Irregularly Appearing Imaginary Guest Stars 
Marie-Louise -- My beautiful muse  
Iggy -- My imaginary Sticky
Dana -- My imaginary Gentlereader

"I don't like nostalgia unless it's mine." -Lou Reed


Dear (eventual) Grandstickies & Great-Grandstickies (& Gentlereaders),

S.I.N #2 ended with yours truly about to start eighth grade, my eighth and last year of Catholic grade school. I had previously attended two other Catholic grade schools in Pittsburgh (with an h), one large, one small. I barely remember the large one, Epiphany. I only went there for first and second grade.

A beautiful church is still there, the school is not.

Yes, Virginia, It was once possible to avoid formal education till the first grade. I was fortunate enough to have avoided daycare, pre-school & kindergarten. I was about to explain why I think this was a blessing but it occurs to me that in the Age of the Victim that what I think is a blessing might be worth some dough eventually if the country keeps lurching to the left, so, nevermind.

The small one was St. John the Evangelist, on the Sah-side of Pittsburgh (with an h). Tiny, blue-collar, everyone knew everyone. The priests, the nuns, and the janitor all lived on the grounds. I played basketball in the church hall and dodge ball in the playground that was across the street.

The playground's still there, the school is not.


Anyways, it was the first day of eighth grade.

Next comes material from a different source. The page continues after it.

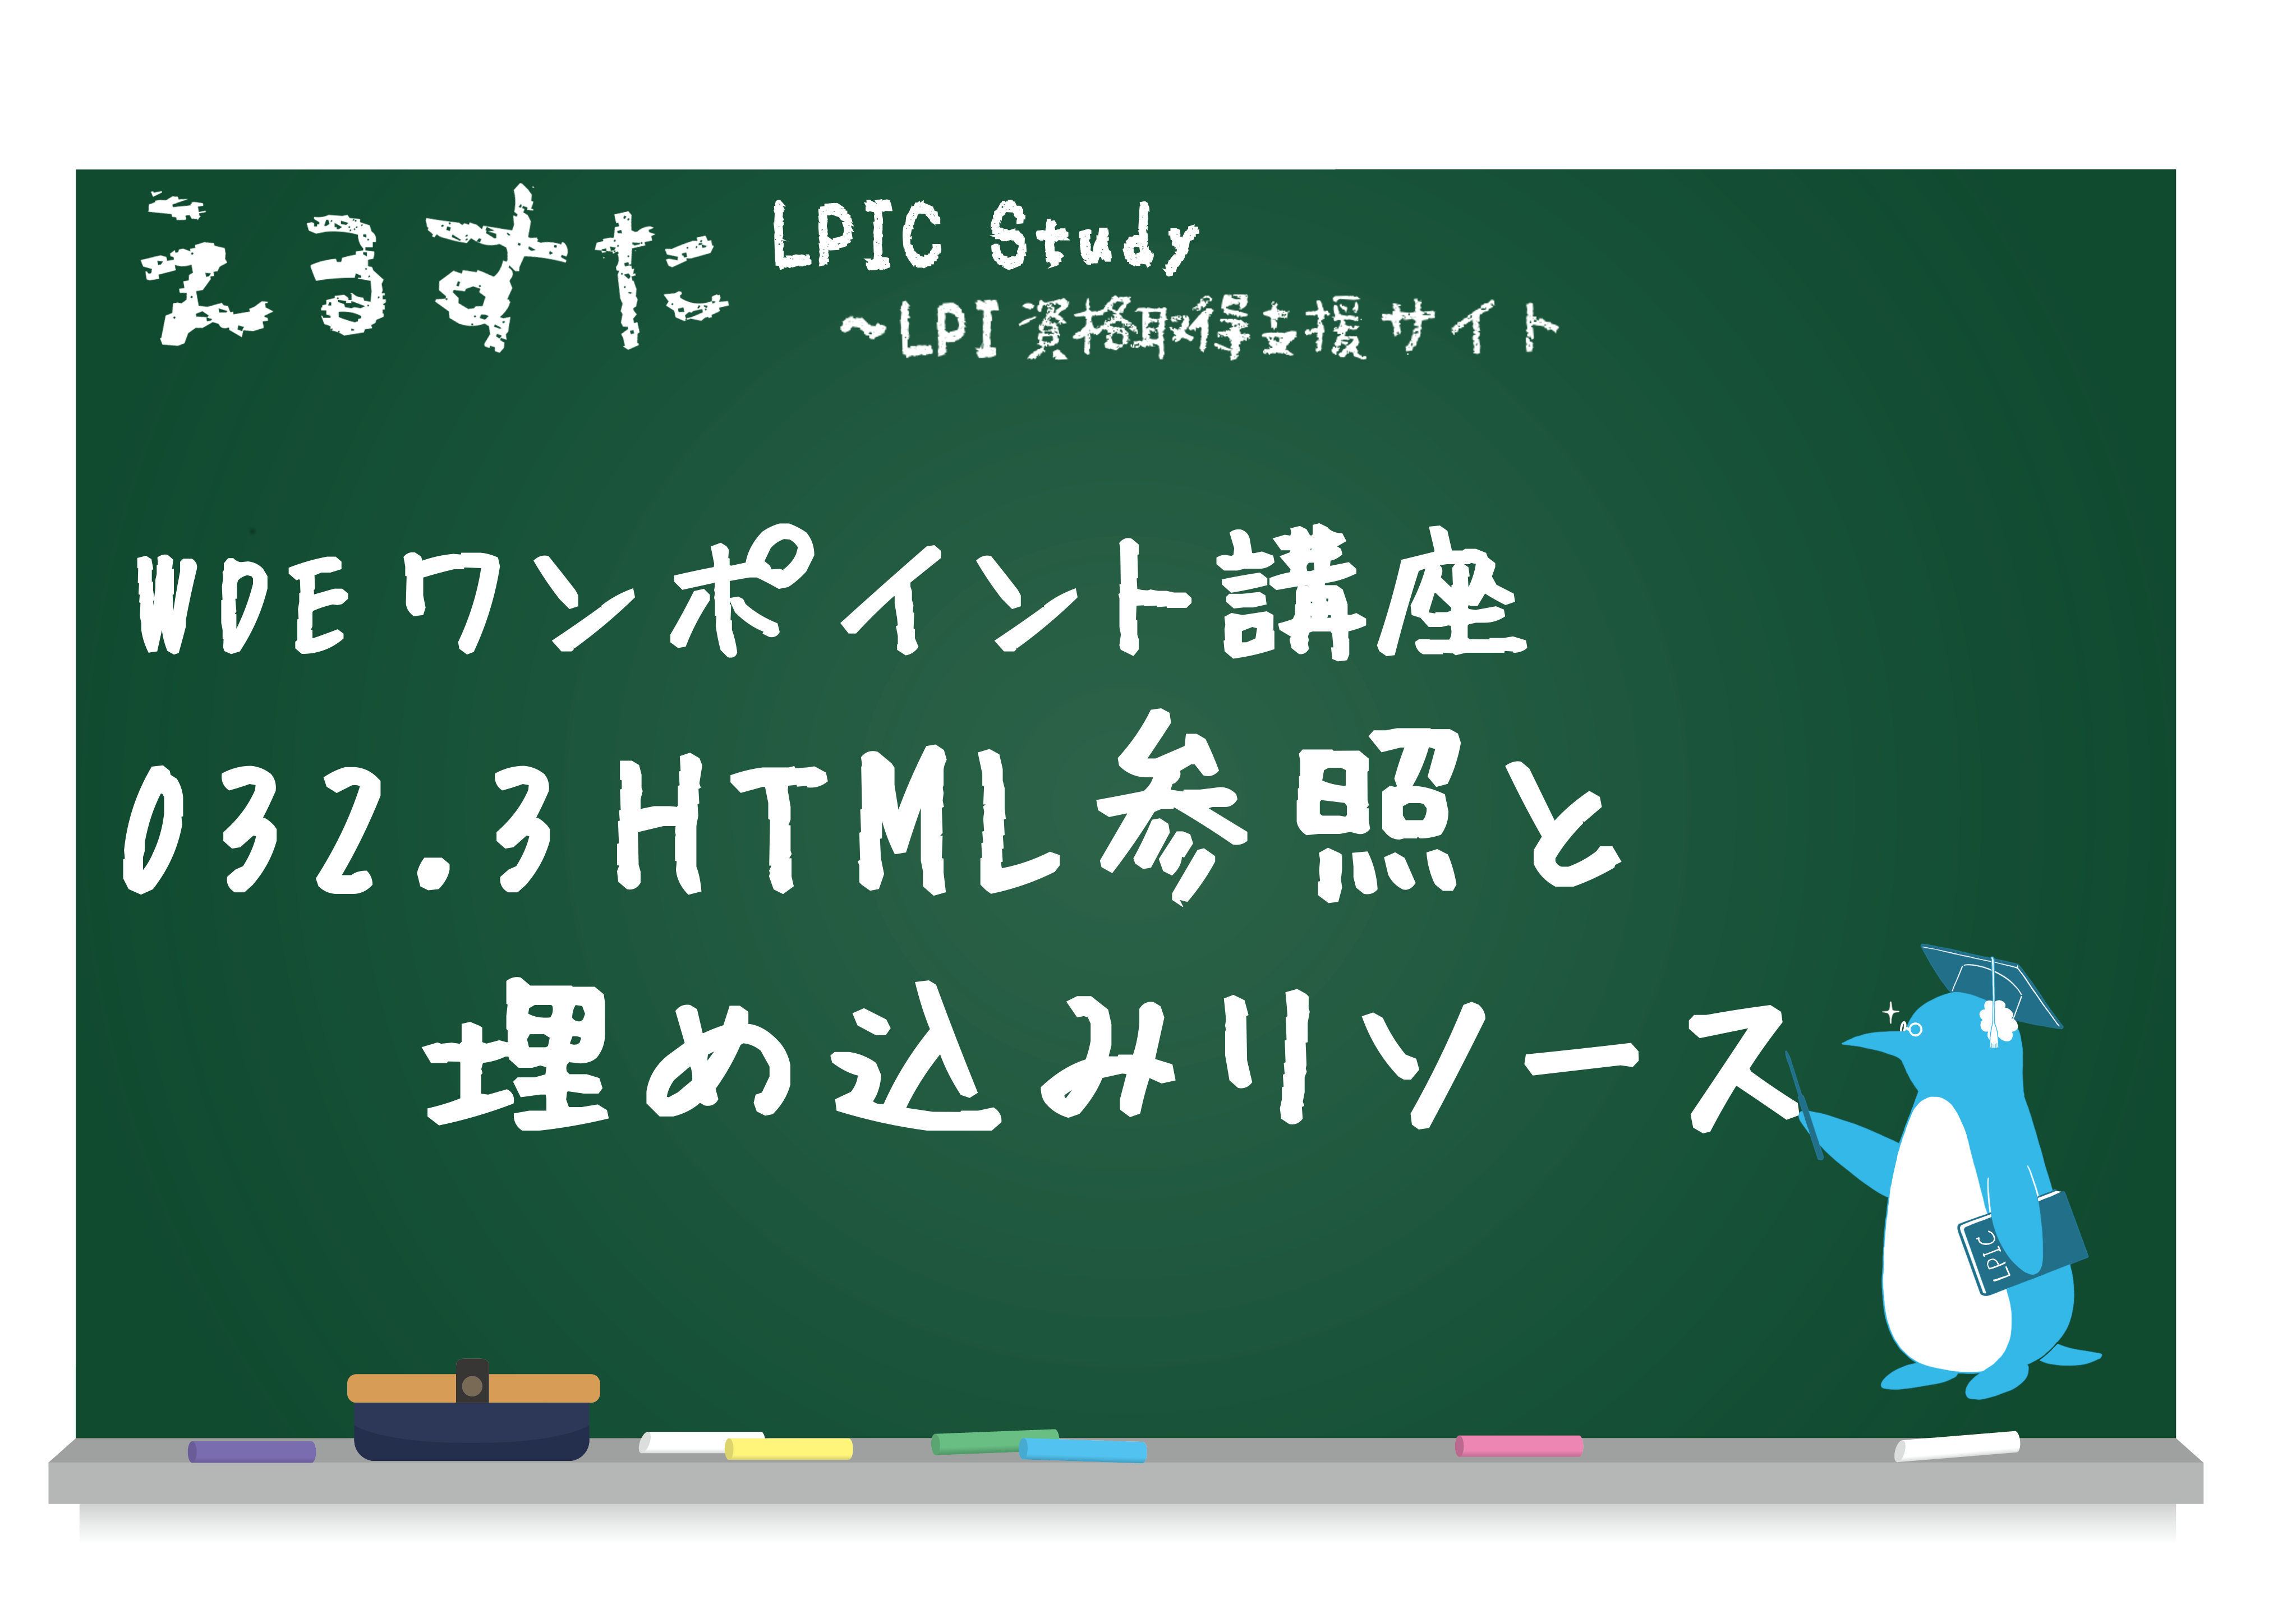 032.3 HTML 参照と埋め込みリソース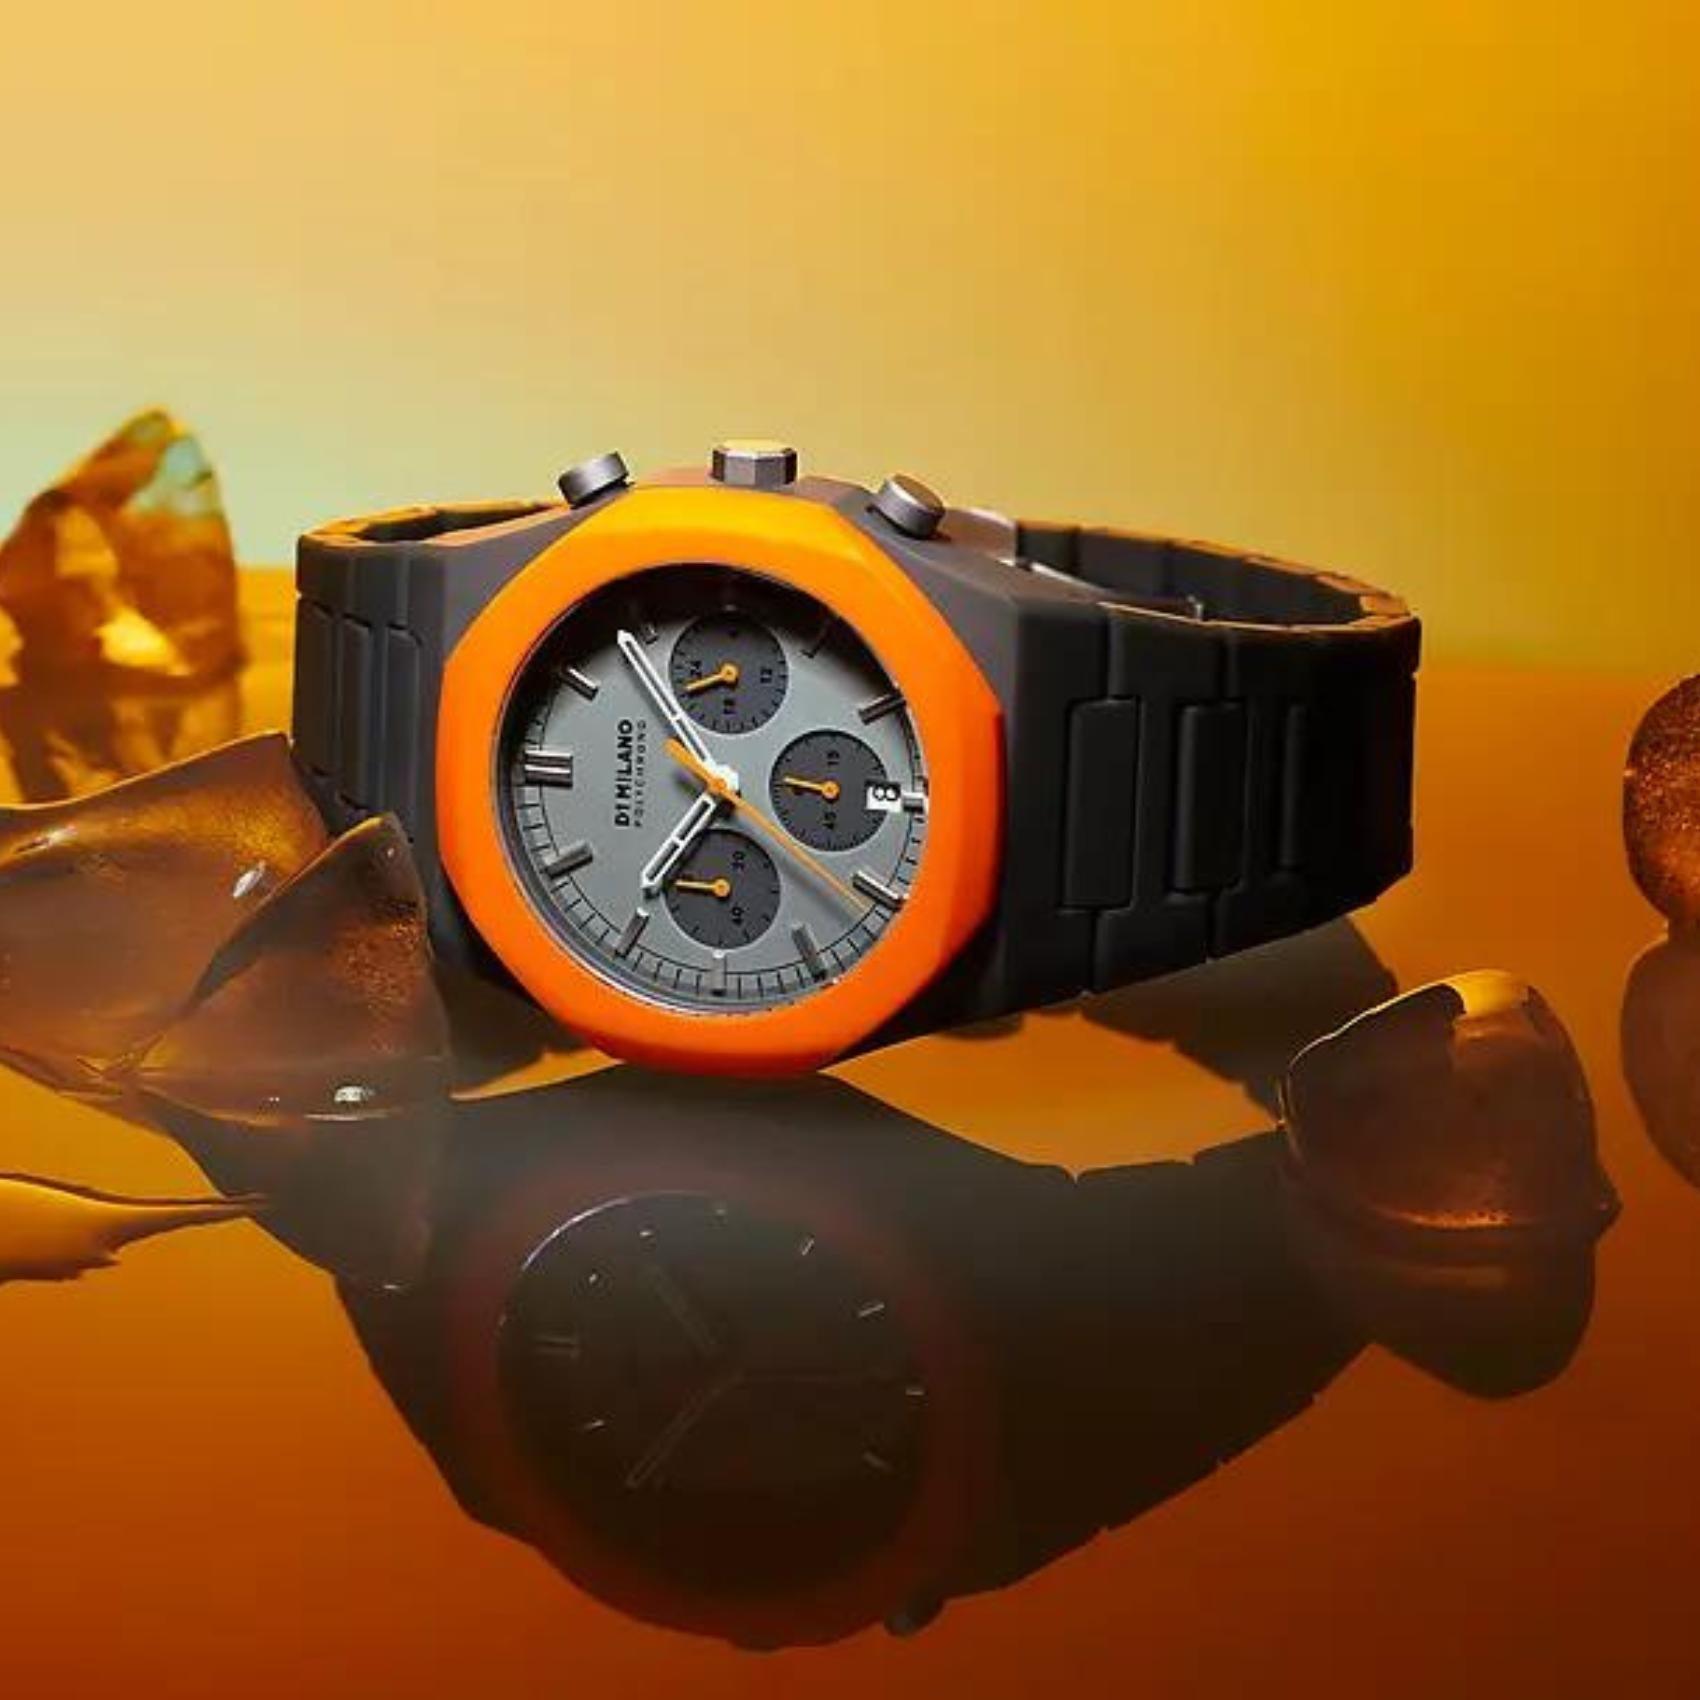 Ρολόι D1 Milano Black Blast D1-PHBJ01 χρονογράφος με ανθρακί ατσάλινο μπρασελέ και γκρι-πορτοκαλί καντράν 40.5mm με οκτάγωνο σχήμα.

For the previous seven years, everyone I went to school with walked there. St. Ursula's was (emphasis on was) a fairly large school and kids were bussed there from all over Pittsburgh's (with an h) Northern burbs. I still walked. In fact, I lived two doors and one large grass-covered field (that served as the school playground) away.

Nowadays, according to what I just found on the web, there are only 122 students, and the bulk of those are pre-K and Kindergarten. There are 6 kids in the eighth grade. Six.

On my first day of eighth grade, it took two classrooms of about thirty kids each to hold all the eighth graders. Therein lies a tale, beyond the obvious demographic one I mean.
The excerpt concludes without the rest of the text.